Qu'est-ce que l'Occitanie, en fait ? Il y a l'ensemble Aquitain : Guyenne, Gascogne, Périgord, Béarn, Quercy et Rouergue ; les deux provinces d'Oc du Centre : Limousin, Auvergne (et dans tous ces pays, il n'y a pas, ou peu, d'implantation cathare) ; le Languedoc proprement dit : les comtés de Toulouse et de Foix, le Roussillon, les Cévennes, le Velay ; l'ensemble provençal enfin: Valentinois, Orange, comtat Venaissin, Bas-Dauphiné, Provence, comté de Nice.

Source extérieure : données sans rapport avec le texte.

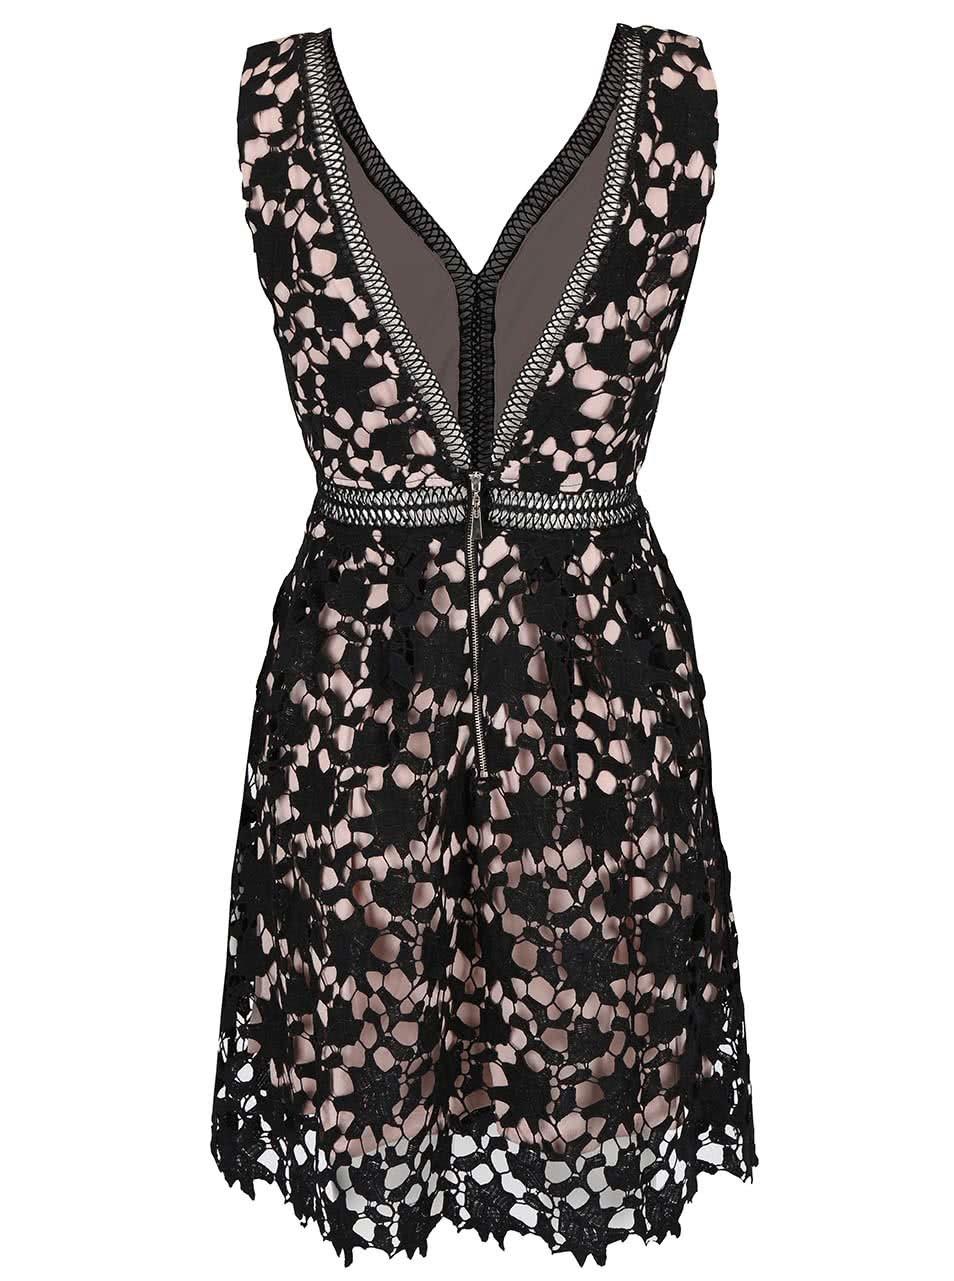 Černé krajkové šaty s hlubokým výstřihem na zádech Apricot ... 00e0590725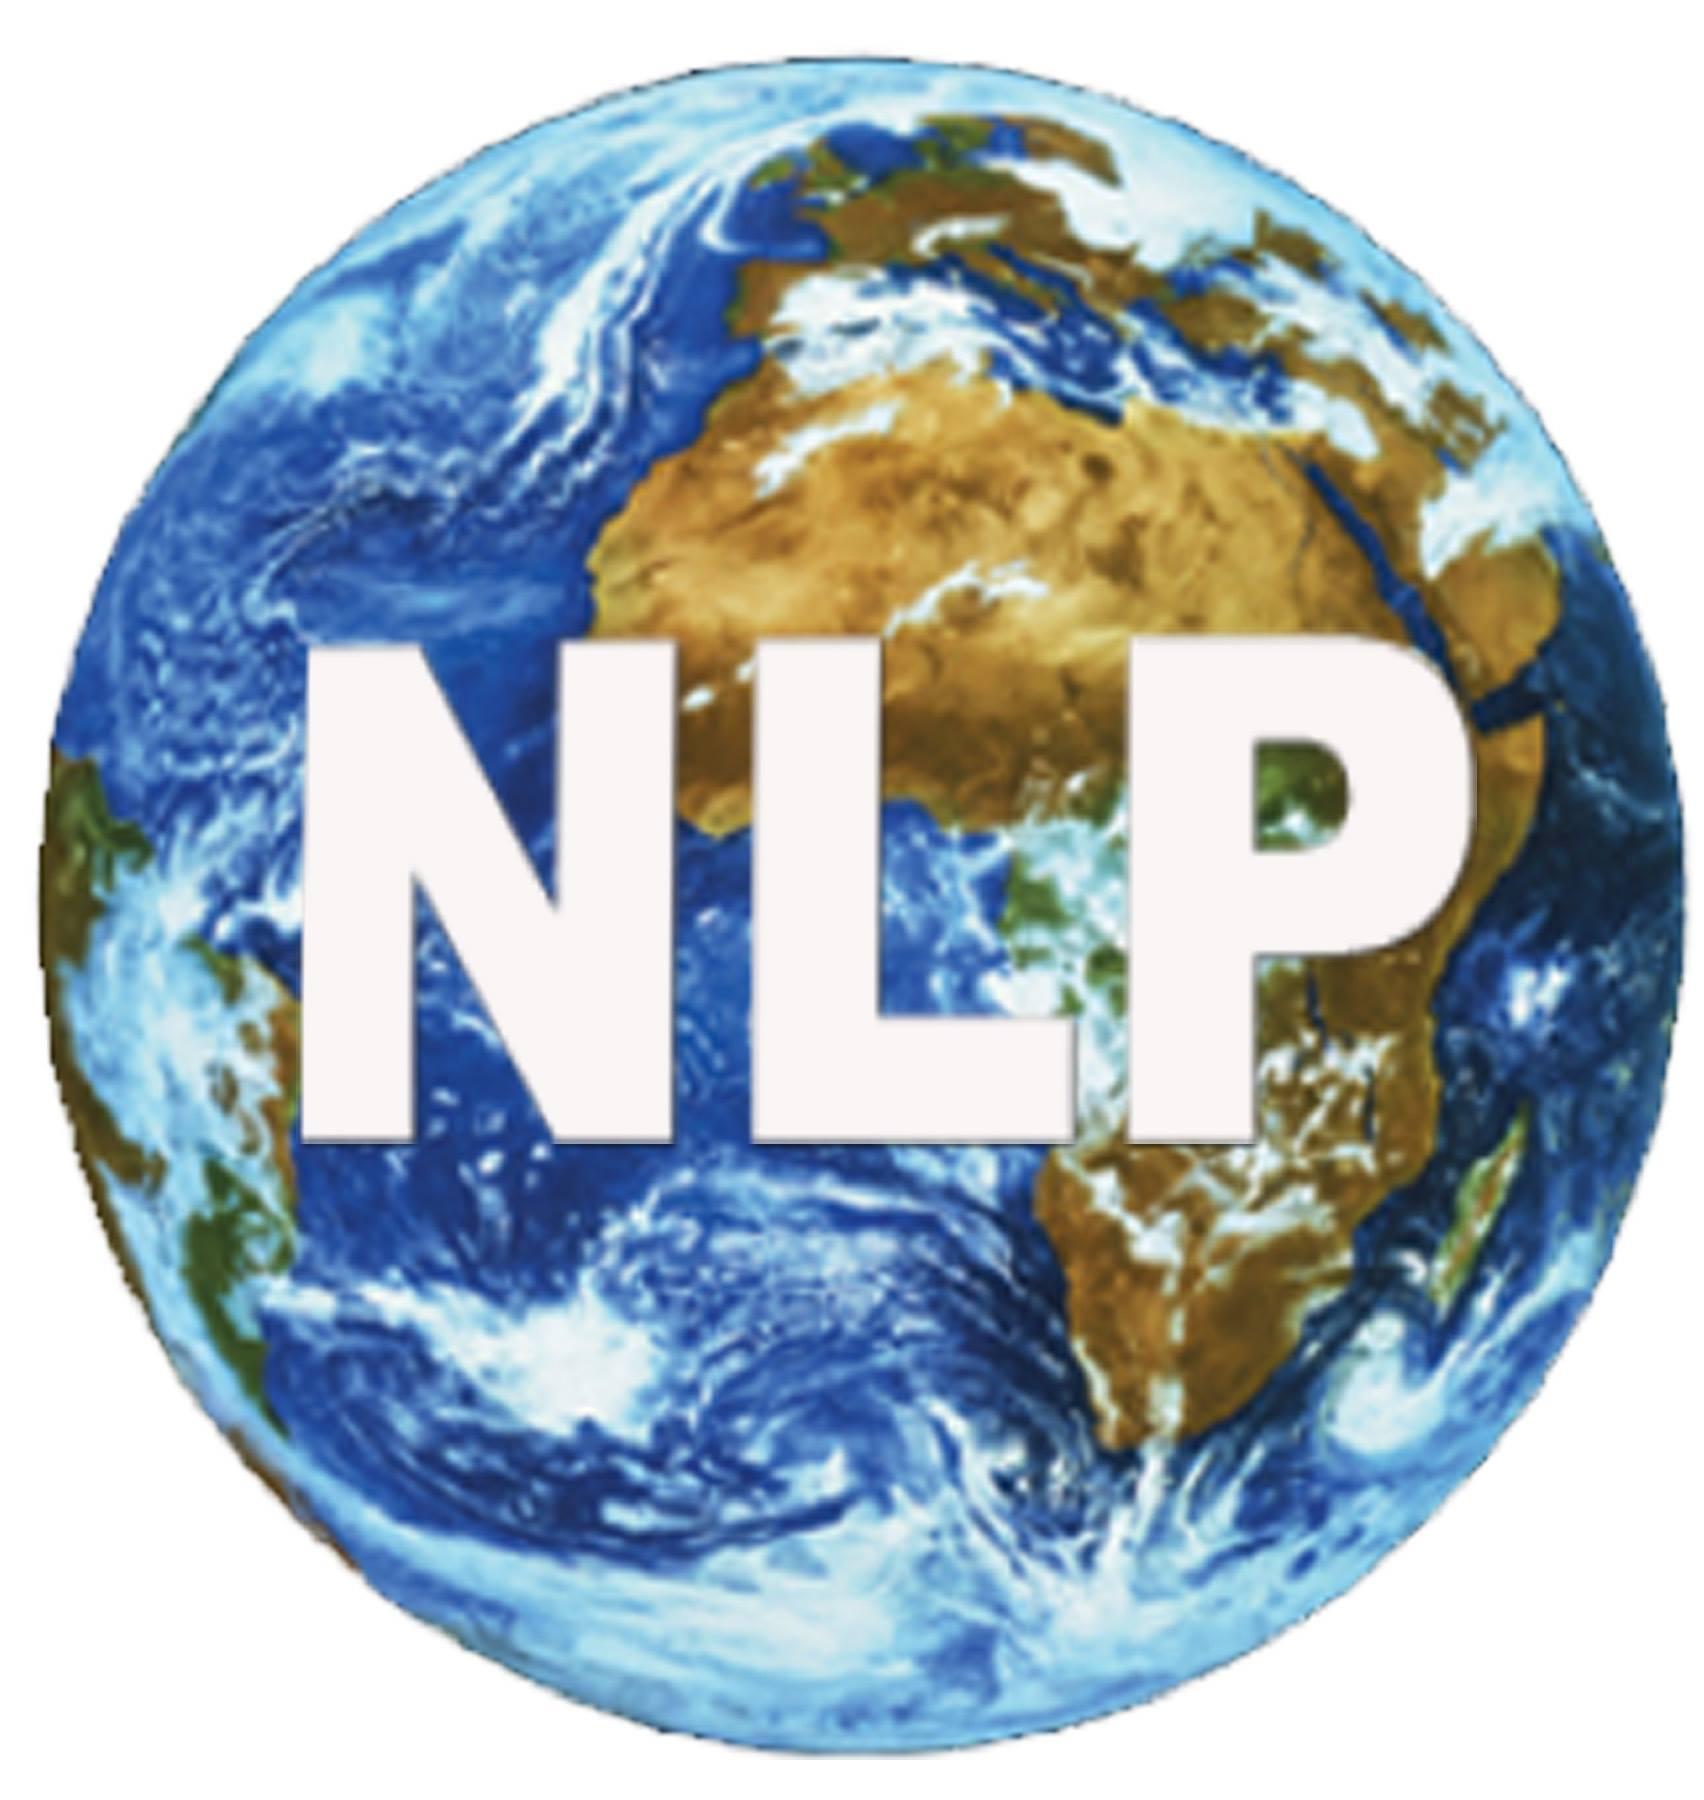 דמיון מודרך nlp, שיטת NLP,NLP ודמיון מודרך,NLP טיפול,NLP MASTER,,אהובה קשת,NLP מה זה,תת מודע,

Toutes ces entités régionales, déjà fort différenciées sur le plan géographique, n'ont ni la même histoire, ni le même fond ethnique, ni tout à fait la même langue, ni par conséquent la même culture. L'Aquitaine, par exemple, aboutissement des chemins de Saint-Jacques, avait une vocation internationale et regardait forcément vers l'Espagne et le Portugal. Ouverte à l'Angleterre, aux Flandres, à la Russie par l'Atlantique et les ports de Bordeaux, elle était en outre en relation beaucoup plus étroite avec le Poitou où s'étaient établis ses grands ducs, avec le Maine et l'Anjou des Plantagenets, qu'avec le Roussillon des Rois de Majorque ou l'Avignon pontifical. La Provence elle-même, arrachée très tôt à la Gaule par la fondation du comptoir grec de Marseille, puis par la conquête romaine, gardera toujours, à travers les Croisades dont elle fut la porte et le commerce du Levant dont elle était la clef, une vocation méditerranéenne. En ce qui concerne le Limousin et l'Auvergne, ils ont au cours des âges accentué leur appartenance aux provinces du Centre plus qu'à celle du Sud. Des traditions particulières fortes, ainsi que le quasi-royaume constitué par la Maison de Bourbon et qui englobait la Marche, le Bourbonnais, le Beaujolais, le Forez, les Dombes et l'Auvergne ont définitivement situé cette dernière en dehors de l'ambiance méridionale. Quant au Languedoc, qui est aujourd'hui l'épicentre de l'agitation "occitane", il occupe dans le sud une position médiane et a toujours exercé une forte influence intellectuelle. C'est la patrie du "Gai-Savoir" mais aussi, celle des rhéteurs, des théoriciens, des légistes. Réuni par héritage à la Couronne dès 1271, son destin politique sera désormais tout français. Et ce soi-disant vaincu finira par imprégner de ses coutumes son soi-disant vainqueur. C'est en tous cas l'avis de Mme Régine Pernoud qui note : «Les provinces nouvellement acquises ne seront pas traitées en minorités et ne connaîtront ni persécution linguistique ni oppression d'aucune sorte. On leur laissera leurs coutumes, ce droit écrit qui finira par réagir sur le droit coutumier et tendre à transformer la monarchie féodale en monarchie absolue, pour préparer le triomphe du droit romain lors de la Révolution Française». Ce sont les Capitouls de Toulouse qui - acte symbolique entre tous - ont jugé et condamné Montmorency, chef de la dernière révolte féodale contre Richelieu.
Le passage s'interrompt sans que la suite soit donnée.